Rodgers has been a leader in the contemporary art community of Durham Region since the 1990s. She is an artist, writer and curator, a founder of the IRIS Group, taught at Durham and Centennial Colleges, and was Director/Curator at Visual Arts Centre of Clarington.

Margaret Rodgers

In 2014, Rodgers had an exhibit at the Robert McLaughlin Gallery (RMG), Close Ups, which featured photographs from the Thomas Bouckley Collection. Her latest body of work Crosswords, in 2021, explores feminist theory and socio-political issues. Her artwork has been exhibited in various galleries and can be found in public and private collections.

Since, 1996 IRIS, a collective of women artists living in Durham Region has been a forum to share ideas, offer mutual support, and develop community outreach projects dedicated to women’s causes. In 2014, IRIS was the recipient of a City of Oshawa ArtsVests grant program to create links between business and art organizations. In 2015, Rodgers and fellow IRIS members developed a community garden project with YWCA residents in Oshawa.

As a curator at the RMG and Visual Arts Centre of Clarington Rodgers brought contemporary exhibitions to the community and as a published author, she has written various books and articles for visual art journals, including the book Locating Alexandra about Painters Eleven artists and Oshawa resident Alexandra Luke.

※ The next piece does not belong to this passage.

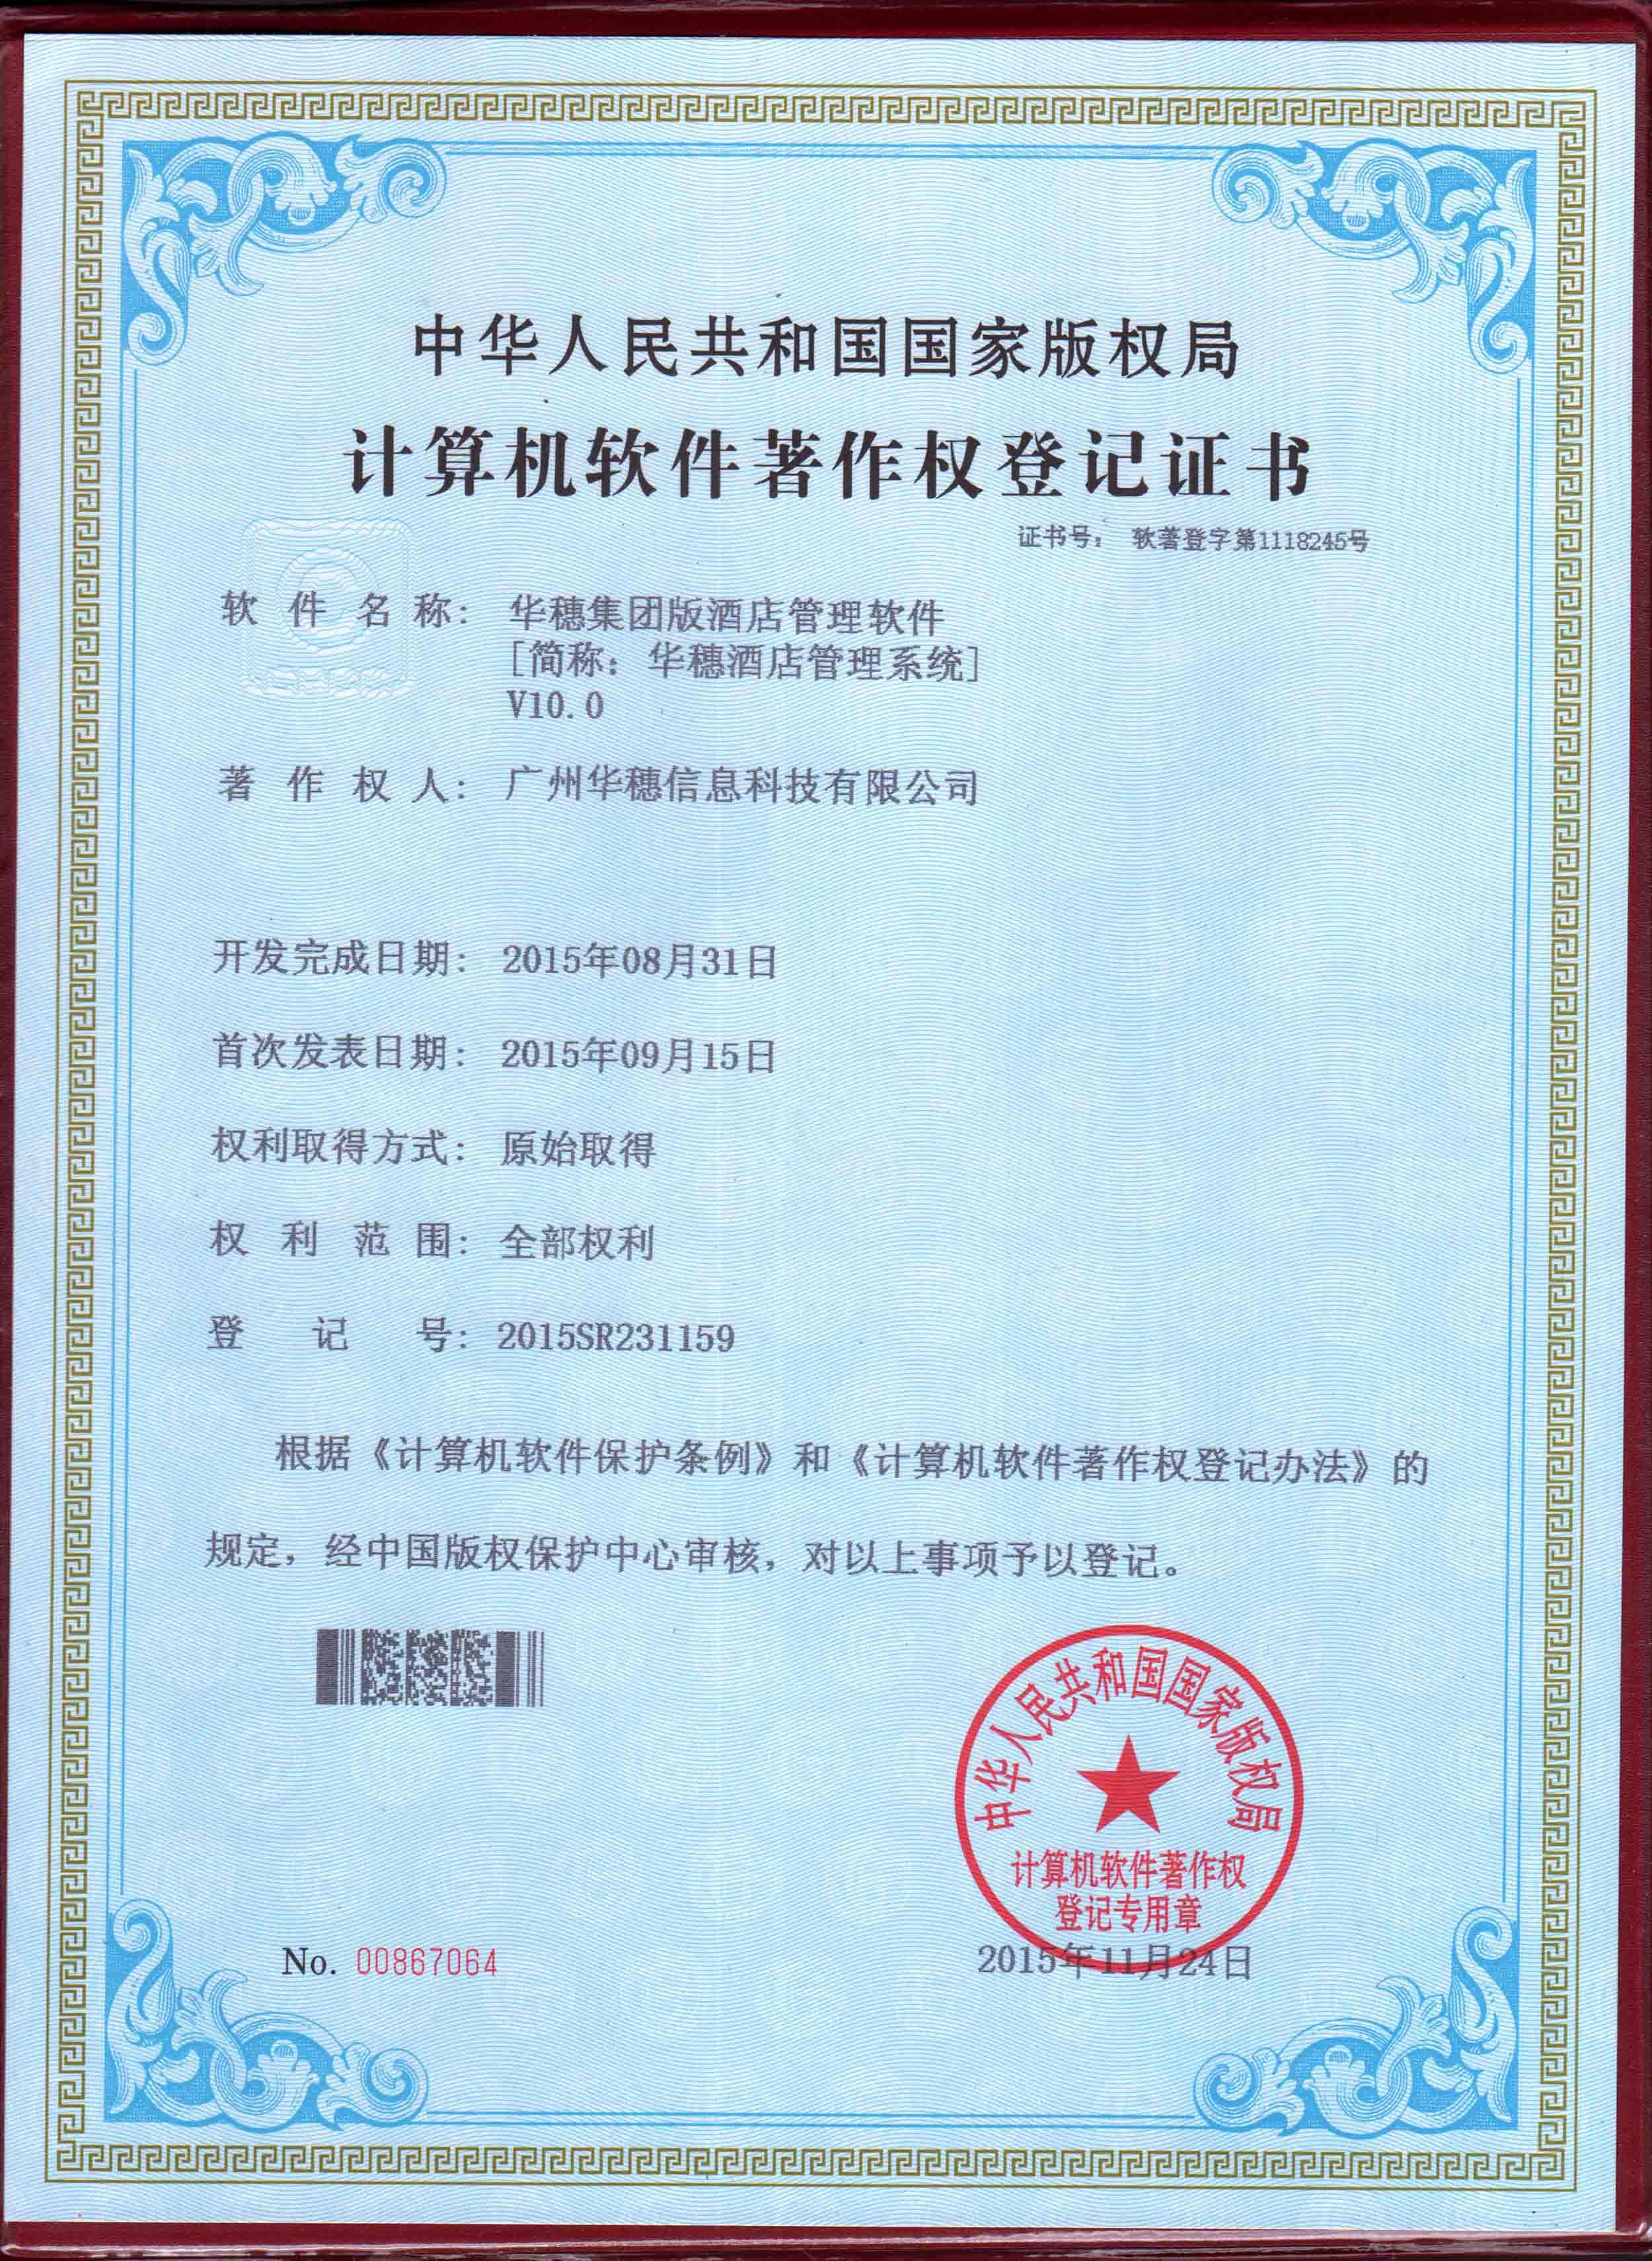 集团版客房软件著作权登记证

Singer/Songwriter Bolu Adefemi received the Oshawa Culture Counts Emerging Artist Award, which recognizes emerging artists between the ages of 12 to 20 who are in the early stages of their career. The award encompasses all arts disciplines recognizing those that are skilled and determined to advance their artistic capabilities and leverage these skills to inspire and enrich the lives of fellow citizens.

Adefemi is a 15 year-old Canadian singer/songwriter based in Oshawa who emerged as an important new artist with her internationally acclaimed song ‘Make It Right,’ a powerful call to action about social injustices. Shortly after performing her song publicly for the first time Adefemi was performing it for media nationwide and around the world.

This impactful young woman is already a world changer and continues to use her voice, determination and many talents to make positive impacts on the world. Adefemi was honoured with the Universal Women’s Network Youth award and became their 2020 Youth Ambassador. Also, in 2020, she received the Zimbabwe Young Achievers Award.

The third award recognizes the Oshawa Museum with the Innovation and Creation Champion Award. The award honors individuals, collectives and/or organizations in the creative and cultural industries who have created or enhanced an event, product, program or partnership in the past year.

Oshawa Museum – Guy House

For more than 60 years the Oshawa Museum has celebrated the history of Oshawa with events, exhibitions, and an immense collection of archival materials. Nestled on the shores of Lake Ontario in beautiful Lakeview Park, the museum shares the story of Oshawa from Indigenous inhabitants to present day.

The Oshawa Museum is managed by the Oshawa Historical Society and strives to tell a more inclusive history of the community, one that includes people, places, and events that have not been included in previous local histories.

In the fall of 2021, the museum developed a video project, highlighting the rich Hanukkah celebrations as told by members of Oshawa’s Jewish community. They partnered with Empty Cup Media, an award winning Oshawa based film company to film and produce a microdocumentary: Traditions & Celebrations: The Story of Oshawa’s Jewish Community.

The research used in this project will be included in a new book on local history that the staff of the museum are currently researching and writing. The book is expected in 2024.